И все-таки едва ли он вспоминал в ту минуту о своем великом соотечественнике и его прославленной, хотя, быть может, до конца так и не понятой пьесе. А я с той поры все думаю: насколько же легче было Пигмалиону оживить своей любовью каменную Галатею, чем вдохнуть в нее, уже живую, человеческую душу… И я спрашиваю себя: сознаем ли мы, как велико чудо приобщения человеческого существа к миру людей? Знаем ли, что это за длинный и трудный путь — от человека к Человеку?
Но, окидывая взглядом ту огромную работу, что проделана уже учеными, изучающими слепоглухоту, и тот необозримый труд, что еще предстоит им, я не только отчетливее вижу ту нелегкую дорогу, что надлежит пройти каждому из нас, но и понимаю, что лучшего пути на свете нет.
III
Артем Анфиногенов
Космики
«Опустевшие комнаты, прелесть отъезда…»
Ничего не пойму.
Обеденный час кончился, разгар рабочего дня, а в павильоне из моих знакомых — никого.
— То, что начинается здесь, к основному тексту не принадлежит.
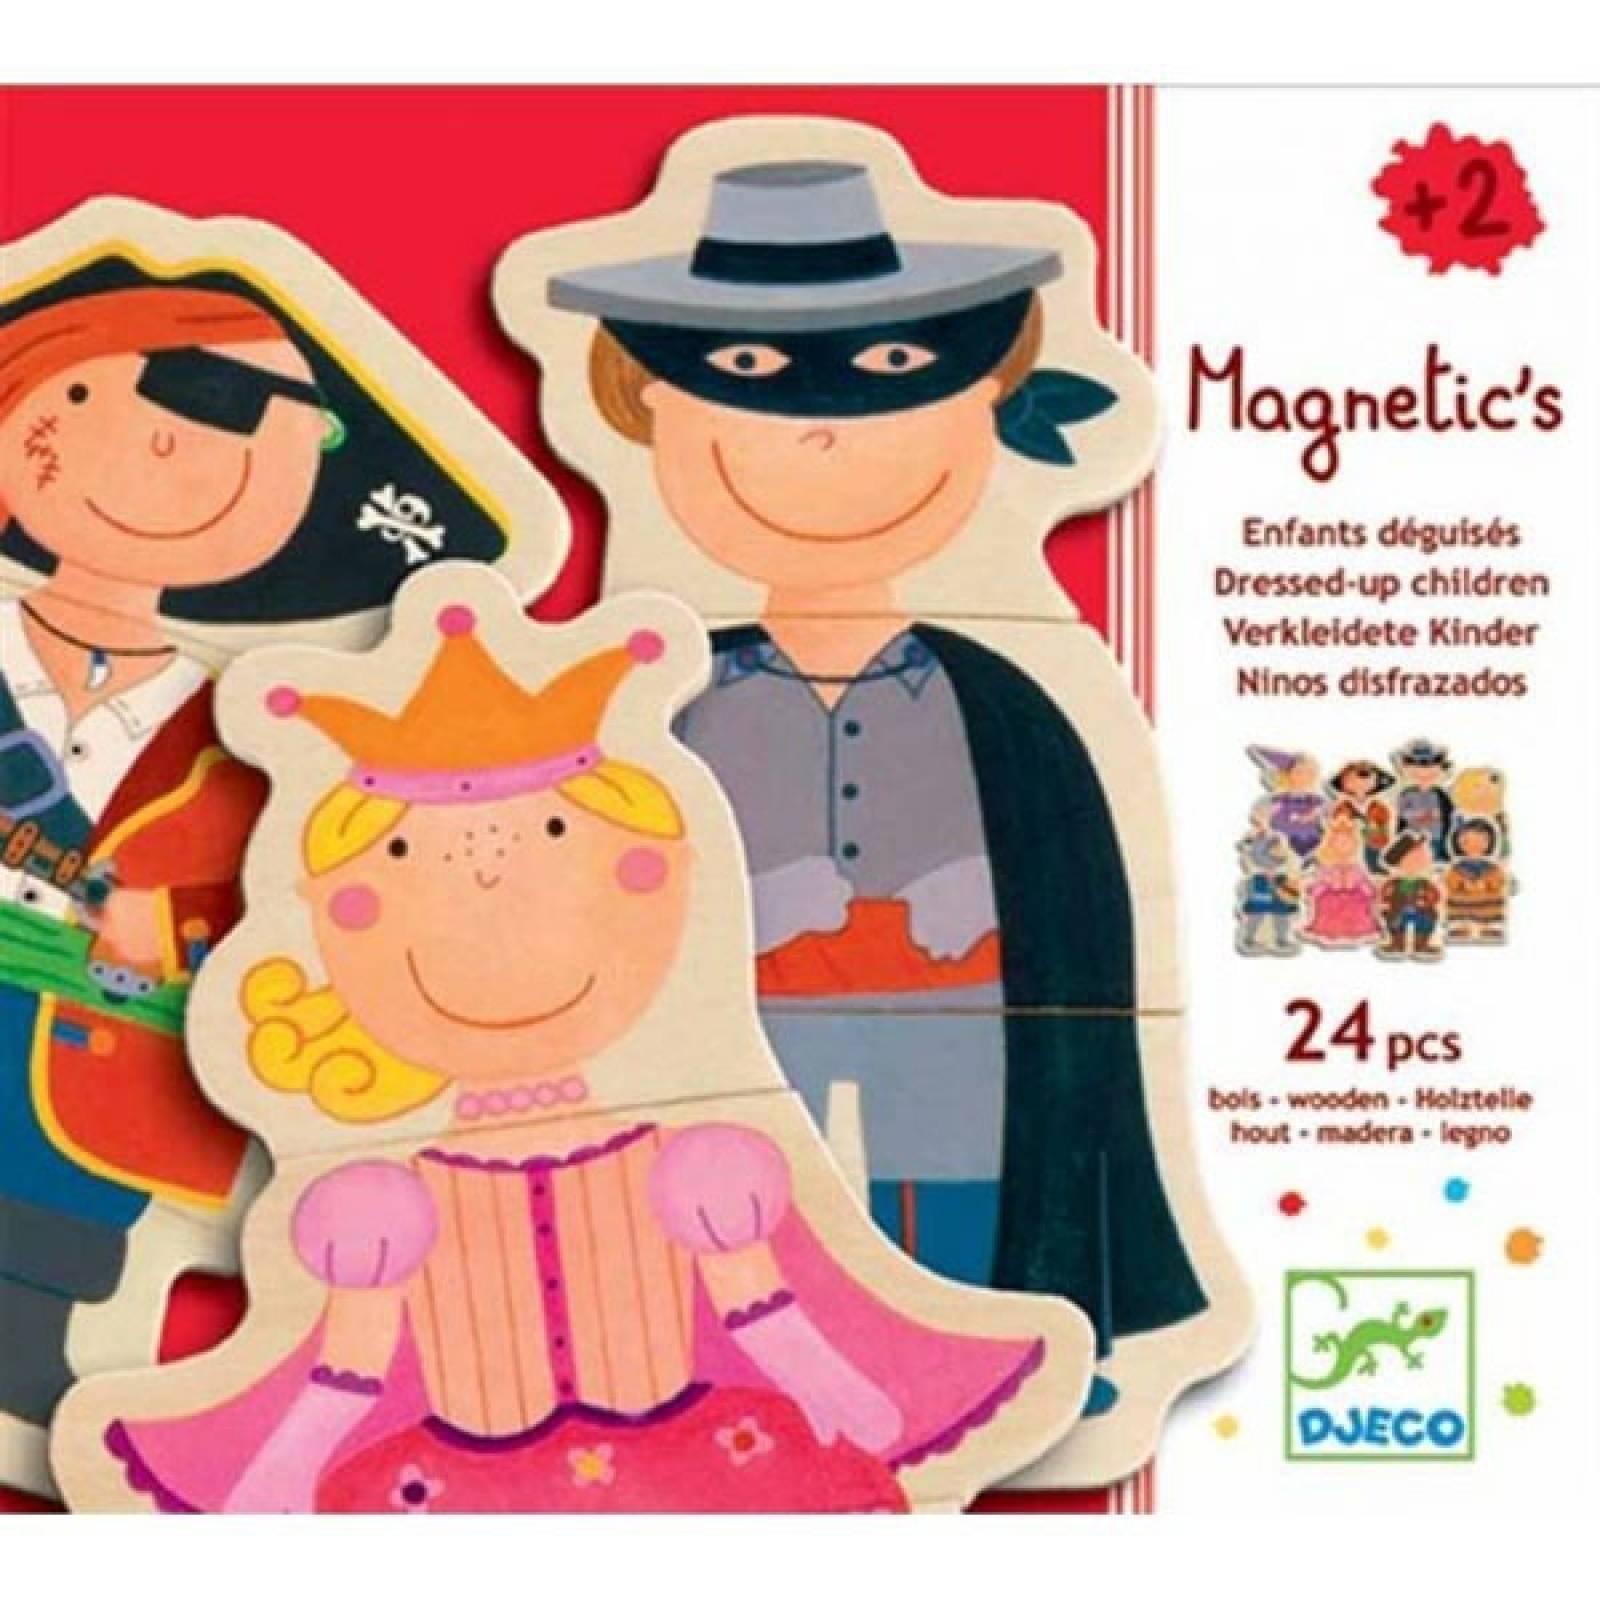 Fancy Children 24 Piece Magnetic Puzzle Figures In Box Djeco 2+

Приборы прерывисто вздыхают и пощелкивают, отмечая падение межзвездных частиц; в паузах слышно, как переливается вода в трубах парового отопления, слабое гудение проводки. Все звуки несколько приглушены, потому что промытый коридор застлан двухцветной — красные каймы на зеленом поле — дорожкой. Обычно ее раскатывают по сигналу шефа, ожидая в институт именитых гостей, или же в торжественных случаях, под праздники. Но вряд ли могут быть гости в лаборатории Чемпалова, когда их некому принять. Вряд ли… На дворе начало апреля, праздников, следовательно, не предвидится, а вечно захламленный стол в монтажной прибран, и прутики вербы в кувшине, тоже неизвестно откуда взявшемся, розовеют почками…
Странно…
Уезжаю ни с чем.
Пять дней спустя над миром гремит имя Гагарина.
Я слышу его впервые в центре Москвы, на улице Горького.
Мне и в голову не приходит, что аварийно-праздничный порядок в лаборатории и ее безлюдный вид связан с этим громоподобным событием. Точнее сказать, я просто не представлял, что поиски, происходившие как бы в стороне от главных работ и у меня на глазах, так быстро сомкнутся с практикой.
Я ходил по взбудораженной столице, вглядывался в нее, вслушивался — и вдруг сверкнула в памяти чужая строчка, так хорошо рисующая далекий домик физиков: «Опустевшие комнаты, прелесть отъезда…» — и подкатила волна нежности к его хозяевам-«космикам»… Хотя, повторяю, у меня и в мыслях не было, что их час пробил.
Такое счастливое заблуждение…
Но чтобы читатель сам все увидел и понял, начну, как водится, издалека.
Начну с того, что прекрасная, в детстве выбранная профессия летчика служила мне добрую службу, когда я уже не летал. Особенно если удачный ход журналистских дел приводил меня в Арктику. Ах! Сколько удовольствий таили в себе эти быстрые, а главное — доверительные и серьезные знакомства с экипажами, уходившими в ответственные рейсы; как ладились в авиапортах отношения со всеми, кто определял диапазон, крайние пункты моих маршрутов; какое множество новостей, откровенных — душа нараспашку! — признаний выносил я из дымных аэродромных балков, когда сменные механики признавали в залетном пассажире своего, авиационного человека… Да и на островных зимовках, и на дрейфующих станциях, и в оленеводческих артелях — всюду в Арктике: стоило собеседнику узнать о твоей деловой причастности, хотя бы и в прошлом, к пилотской кабине, как разговор принимал вполне свойский характер — со всеми вытекающими отсюда последствиями.
С годами, однако, стали случаться встречи, этого внутреннего контакта, увы, не дававшие.
«81° с. ш., знакомство с обсерваторией о. Хейса, — записал я в дневнике. — Геофизический блок. Построен университетской молодежью, физиками. В нем они живут, в нем и работают — магнитологи, сейсмологи, аэрологи. В правом крыле, забронировавшись свинцом, обосновались „космики“, как зовут здесь ребят, изучающих космические лучи. По удельному весу они в обсерватории на втором месте после ракетчиков.